Data excerpt Start Marker
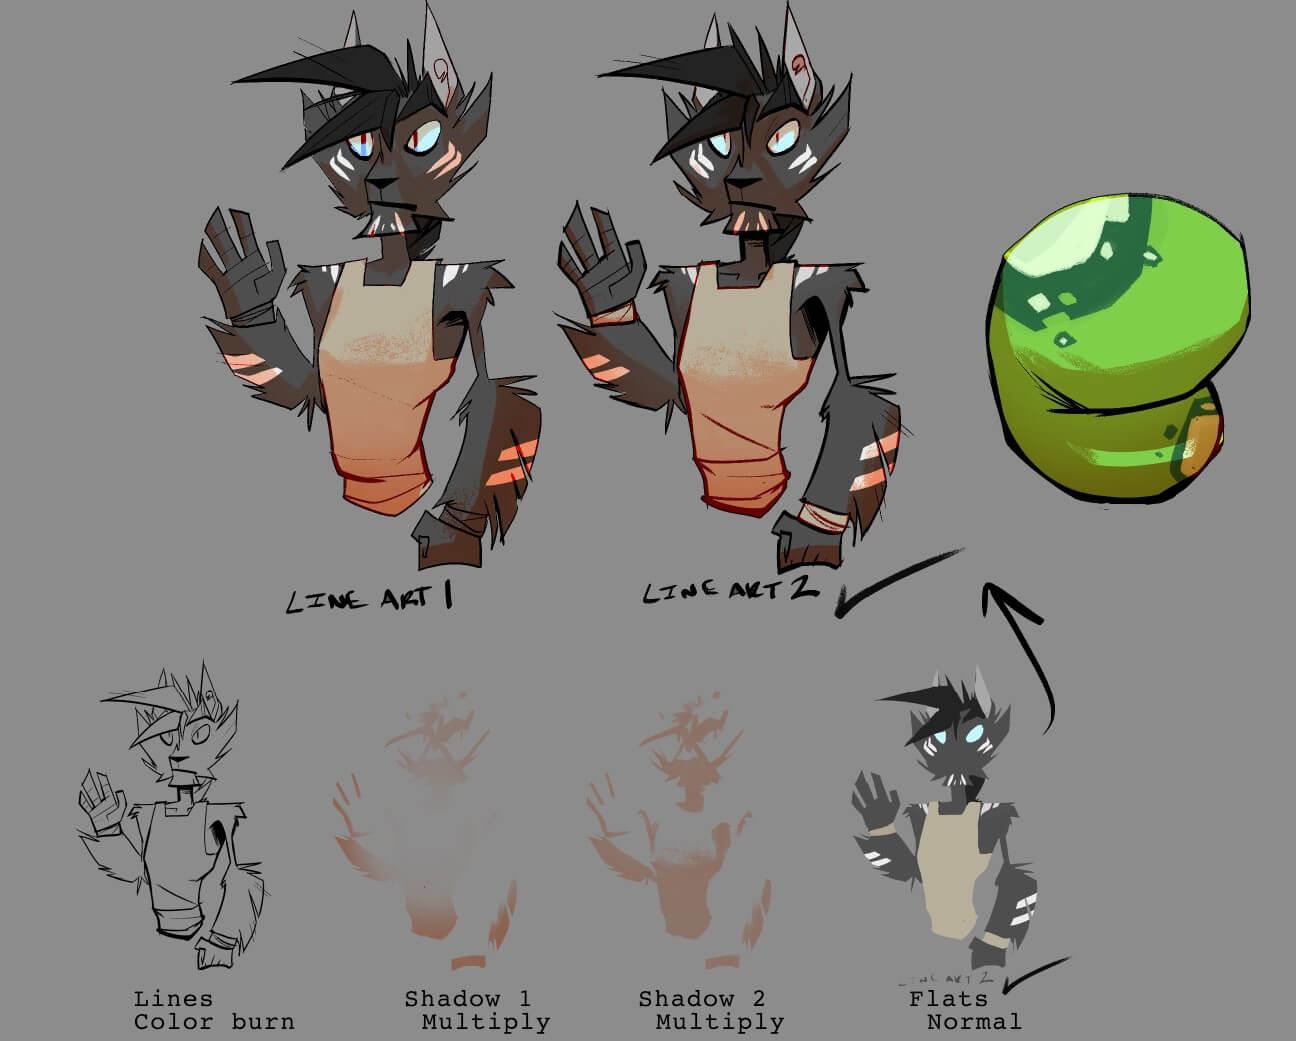 A visual breakdown of how to line and shade, featuring a half-body of a feline anthro and a green bean shape. Text reads:"Line art 1", "Line art 2", "Lines, Color Burn", "Shadow 1, Multiply", "Shadow 2, Multiply", and "Flats, Normal"
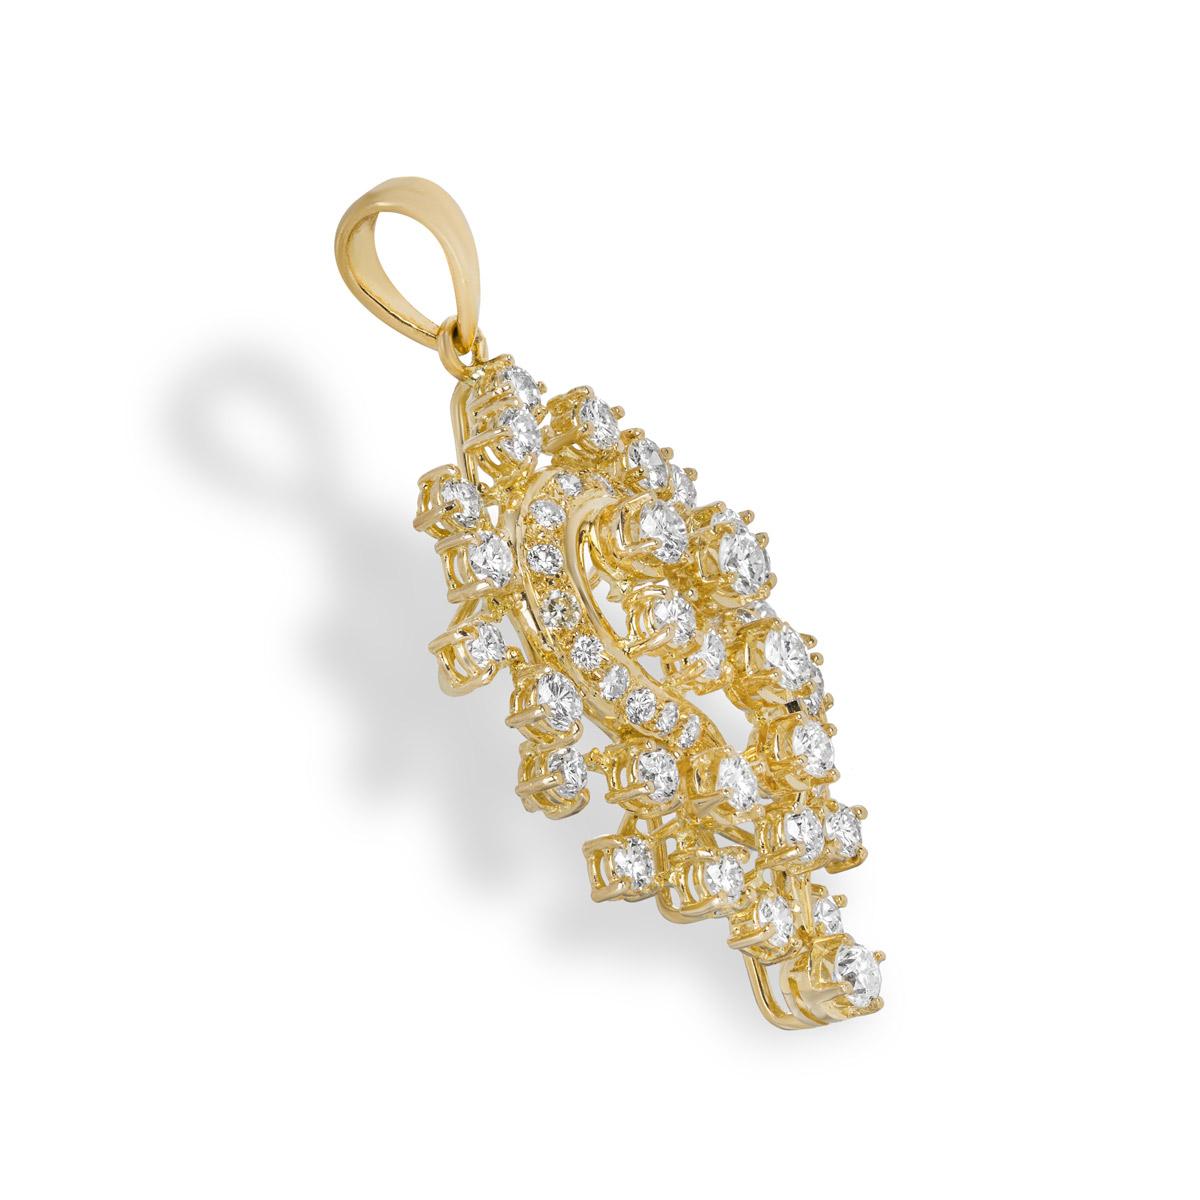 An intricate 18k yellow gold diamond pendant. The pendant is set with 48 round brilliant cut diamonds with an approximate total weight of 2.47ct, G-H colour and SI clarity. The pendant measures 4.2cm in length (including the bail) and 2.0cm in width
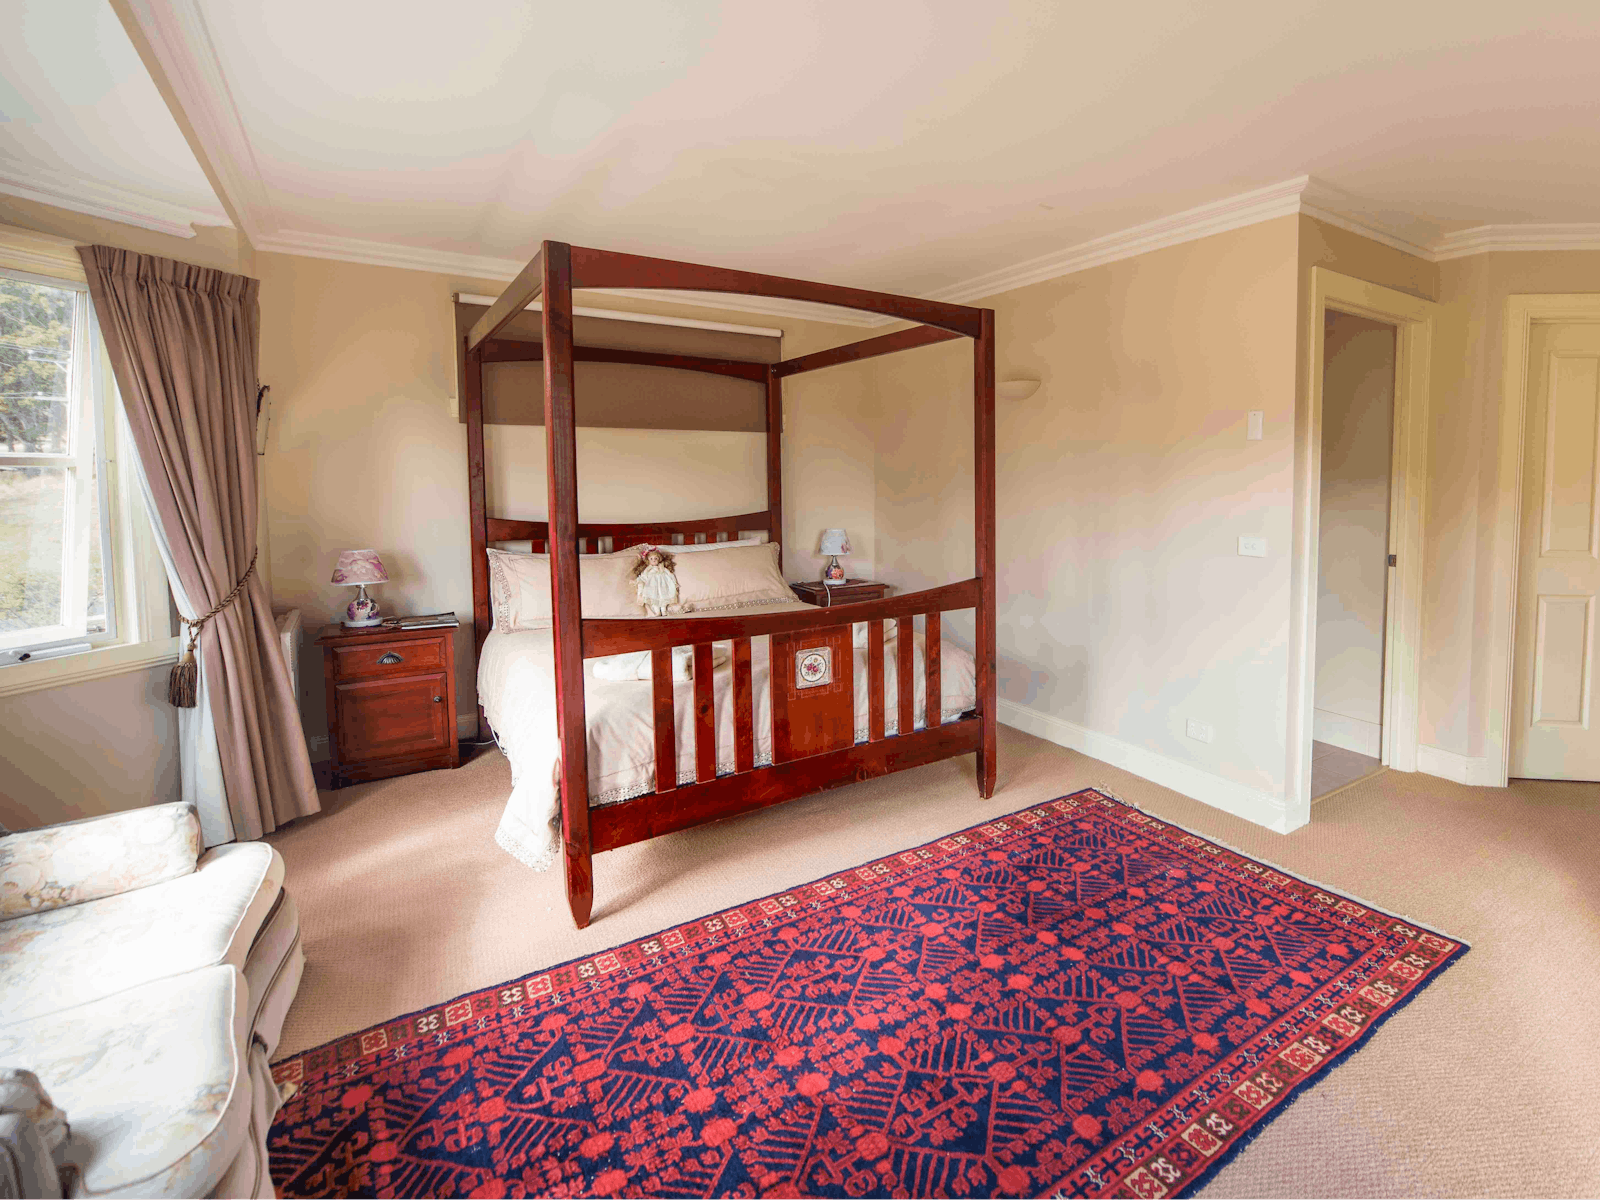 View of four poster bed, sitting area and ensuite
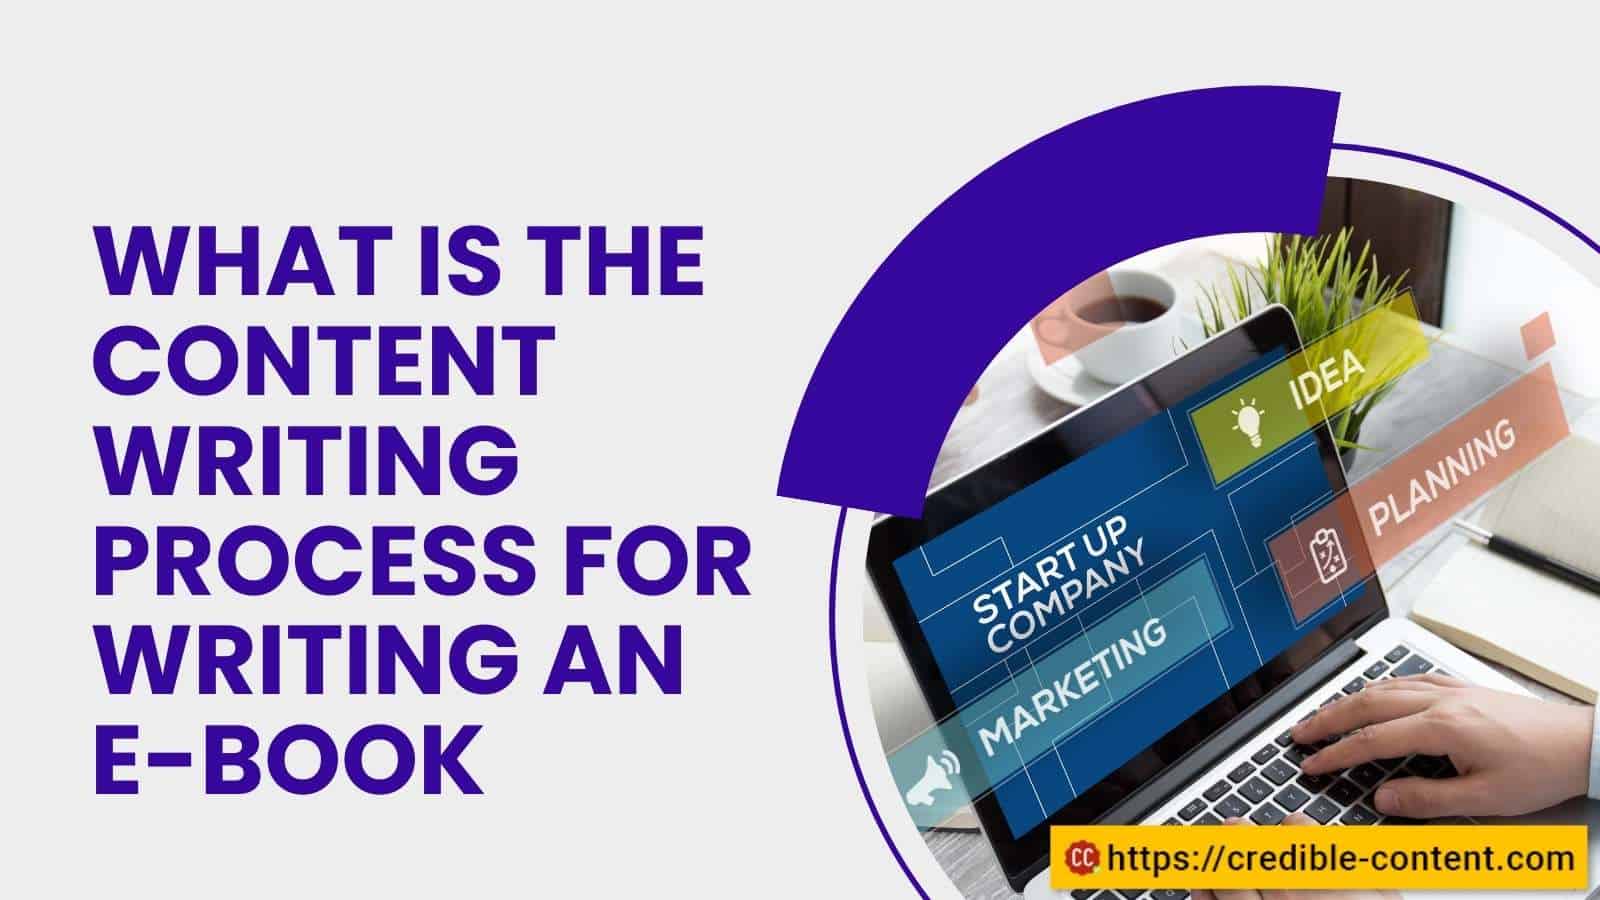 What is the content writing process for writing an e-book
Data excerpt End Marker
Every line of the data above should be quoted exactly. Omit the pictures.

- Answer for this exercise -
 A visual breakdown of how to line and shade, featuring a half-body of a feline anthro and a green bean shape. Text reads:"Line art 1", "Line art 2", "Lines, Color Burn", "Shadow 1, Multiply", "Shadow 2, Multiply", and "Flats, Normal"
 An intricate 18k yellow gold diamond pendant. The pendant is set with 48 round brilliant cut diamonds with an approximate total weight of 2.47ct, G-H colour and SI clarity. The pendant measures 4.2cm in length (including the bail) and 2.0cm in width
 View of four poster bed, sitting area and ensuite
 What is the content writing process for writing an e-book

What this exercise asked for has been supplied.